847 S.W.2d 158, 1993 Mo. App. LEXIS 156, 1993 WL 20344
CourtMissouri Court of Appeals
DecidedFebruary 3, 1993
Docket18078
StatusPublished
Cited by39 cases

This text of 847 S.W.2d 158 (In Re Marriage of Short) is published on Counsel Stack Legal Research, covering Missouri Court of Appeals primary law. Counsel Stack provides free access to over 12 million legal documents including statutes, case law, regulations, and constitutions.

Bluebook
In Re Marriage of Short, 847 S.W.2d 158, 1993 Mo. App. LEXIS 156, 1993 WL 20344 (Mo. Ct. App. 1993).

Opinion

CROW, Presiding Judge.

Melody Renee Short appeals from a decree dissolving her marriage to Arthur Bernard Short. In the record, the parties refer to each other as Renee and Barnie, respectively. For convenience and clarity, so shall we.

Renee, age 32 at time of trial, and Barnie (a dentist), age 44 at time of trial, were married September 7,1984. The union produced two children: Brady Allan Short, born June 4, 1985, and Grant Noble Short, born December 14, 1988. The parties separated in May, 1990.

Renee’s brief presents two points relied on; the first complains the child support awarded her is too low; the second avers the trial court erred by limiting the maintenance awarded her to one year.

Before confronting those issues, we must determine whether Renee’s notice of appeal was timely. Barnie maintains it was not. Resolution of this question begins with a chronology of the litigation.

August 23, 1990. Parties appear in trial court with their respective lawyers. Docket sheet shows:

Trial by Court. The Court finds that both parties have been residents of this State for more than 90 days and that 30 days has [sic] elapsed since the filing of the petition. The Court finds that there remains no reasonable likelihood that the marriage can be preserved and that the marriage is irretrievably broken. That the wife is not now pregnant. Marriage ordered dissolved.

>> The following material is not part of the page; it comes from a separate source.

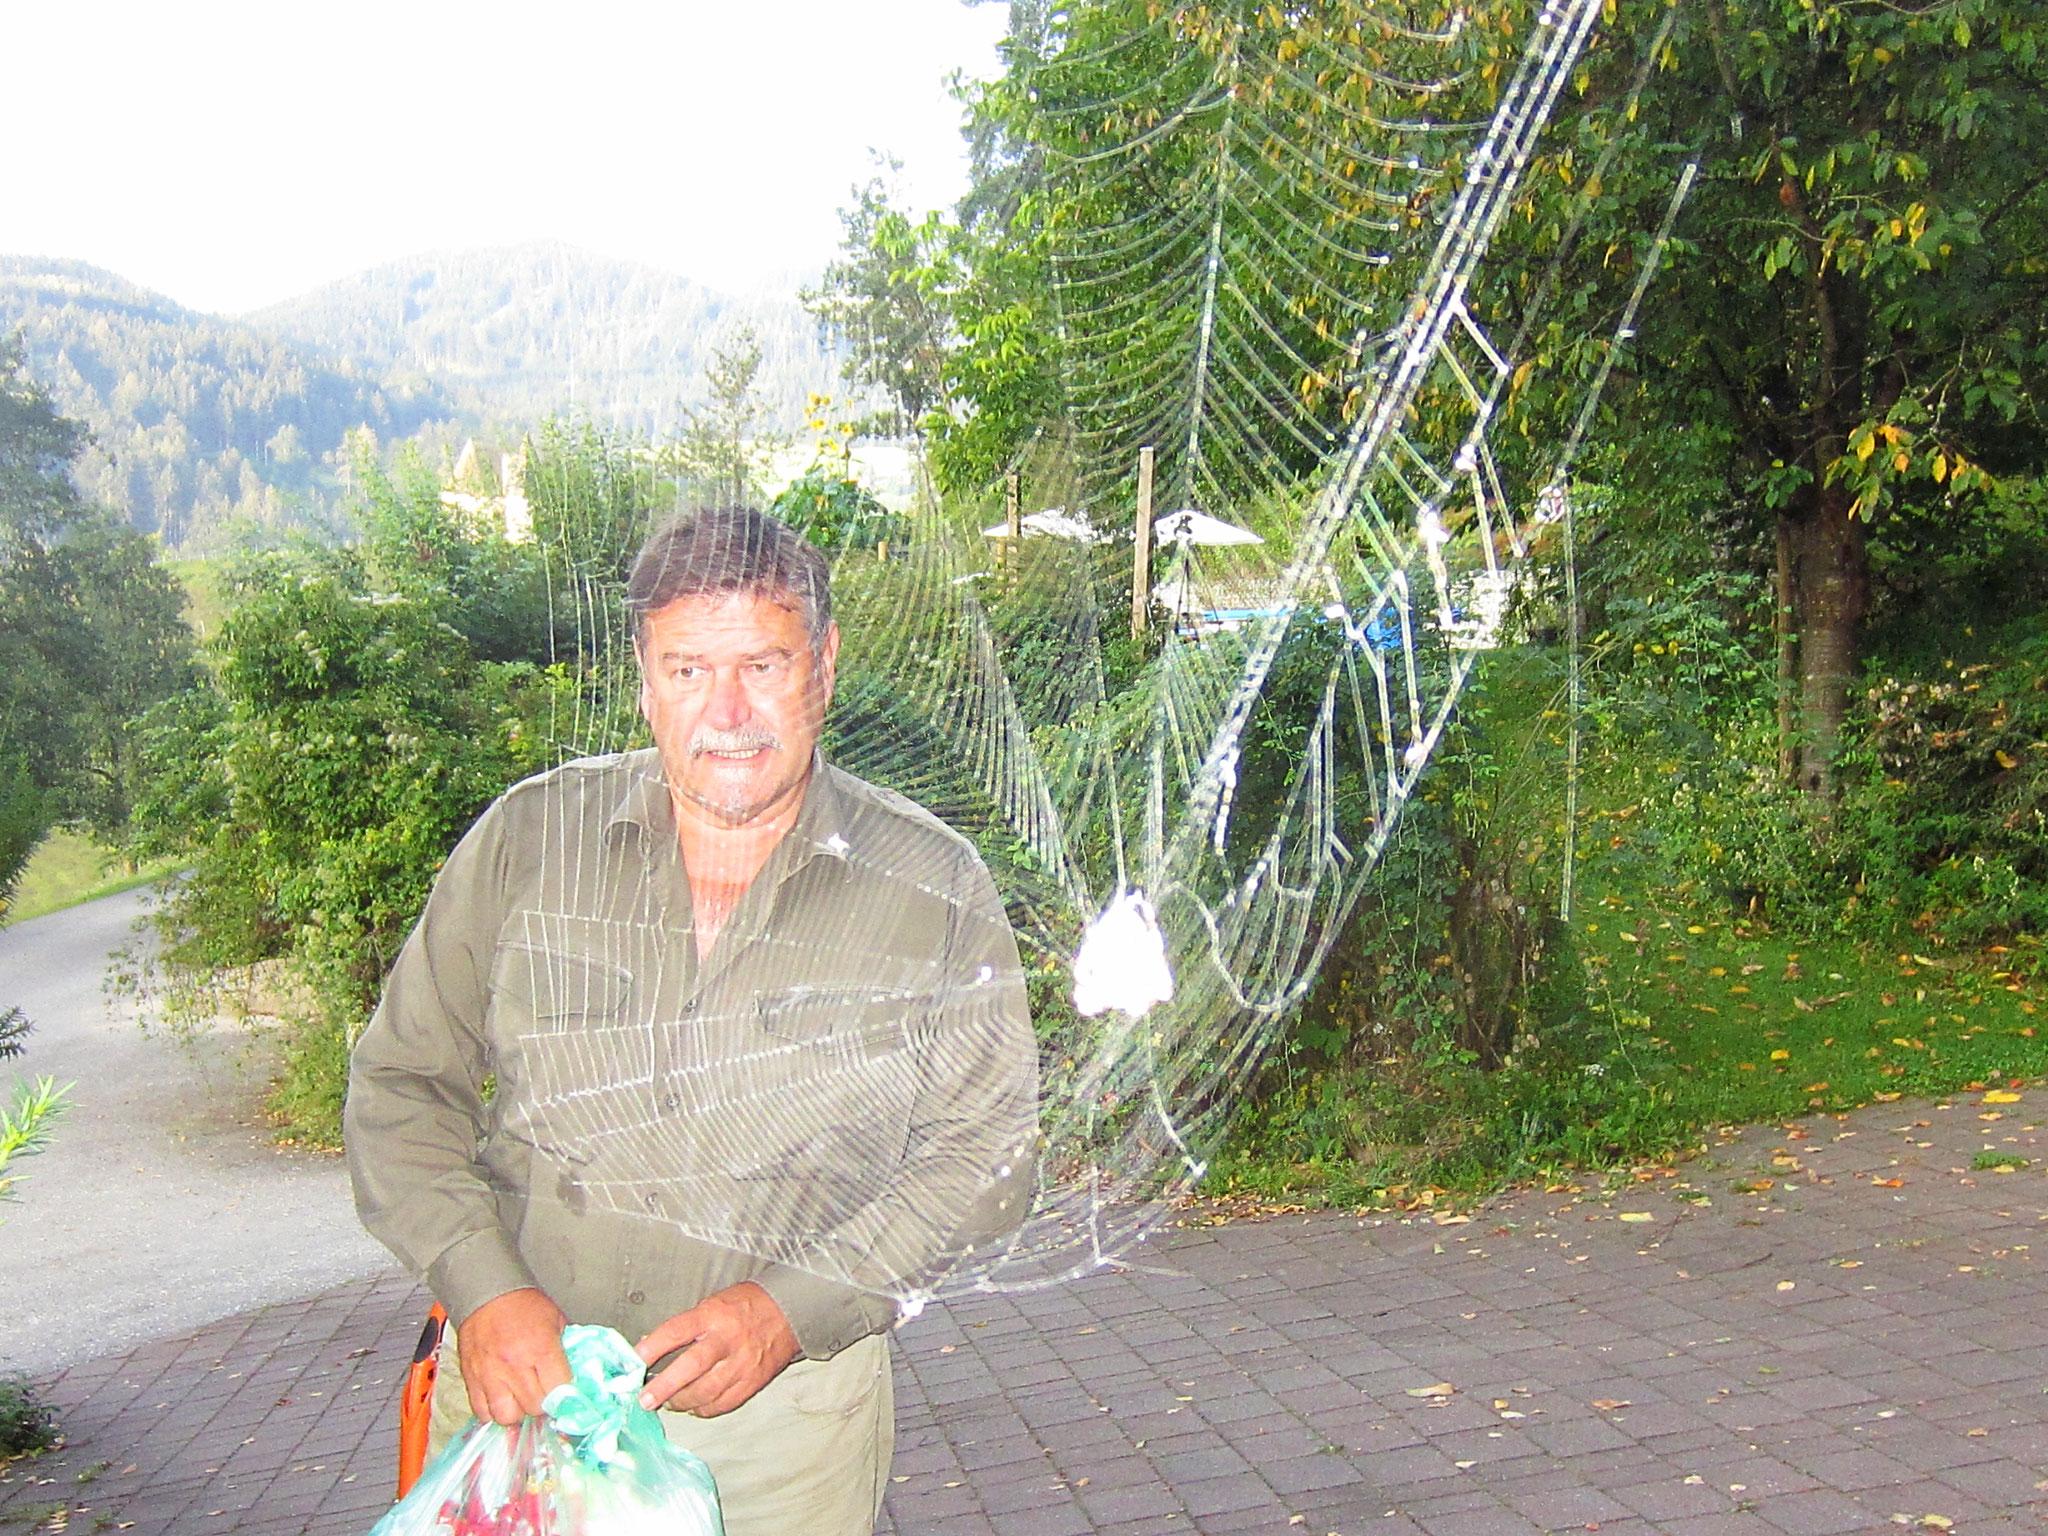 so ein großes, wunderschönes spinnennetz habe ich selten gesehen - dieses hält scheinbar meinen mann gefangen ...
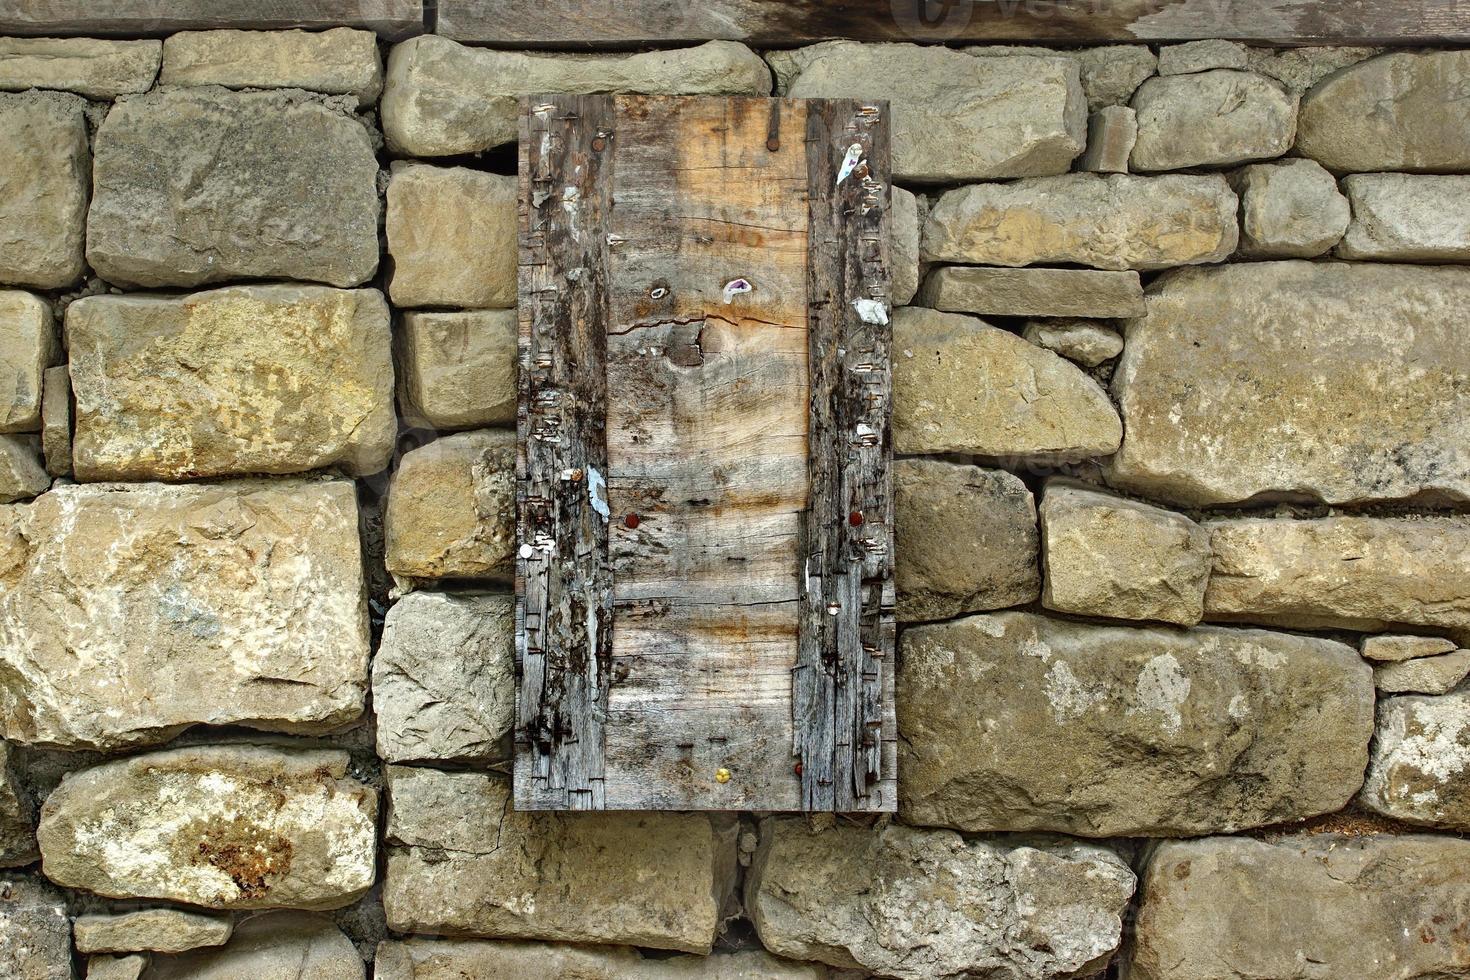 quadro indicador de madeira vintage na velha parede de pedra foto

No other issues were adjudicated.

September 27, 1990. Parties reappear in trial court with their respective lawyers. Trial ensues, generating a 229-page transcript.

April 4, 1991. Trial court signs and files a two-page document stating, in pertinent part:

It is therefore ordered, adjudged and decreed ... that the parties hereto be and they are hereby granted a dissolution of their marriage and restored to all rights and privileges of single and unmarried persons.
All issues except those stated above are taken under advisement.

As reported supra, the trial court had ostensibly dissolved the marriage seven months earlier, on August 23, 1990.

December 11, 1991. Trial court signs and files a 20-page “Decree and Findings of Fact and Conclusions of Law.” It again orders the marriage dissolved and, among other subjects, addresses child custody and visitation, child support, division of marital property, allocation of debts, attorney fees, and maintenance.

December 26, 1991. Barnie files a “Motion to Amend Decree or, in the Alternative, for a New Trial.” The motion alleges, inter alia: “The Decree fails to set aside to either party their respective separate properties.” The motion lists 52 items (some being multiple) allegedly owned by Barnie as his separate property but omitted from the decree. The motion also lists 24 items (some being multiple) allegedly owned by Renee as her separate property but omitted from the decree.

March 12, 1992. Trial court signs and files a 23-page “Amended Decree and Findings of Fact and Conclusions of Law.” It covers the same subjects as the decree of December 11, 1991. Additionally, it sets apart to Renee, as her separate property, 26 items (some being multiple) catalogued *161 in Barnie’s motion of December 26, 1991, and sets apart to Barnie, as his separate property, 44 items (some being multiple) catalogued in his motion of December 26, 1991. The amended decree also awards Renee, as marital property, two of the items identified in Barnie’s motion of December 26, 1991. Besides these additions, the amended decree varies in some respects from the December 11, 1991, decree. As these differences are immaterial to the issue of timeliness of Renee’s notice of appeal, we need not detail them.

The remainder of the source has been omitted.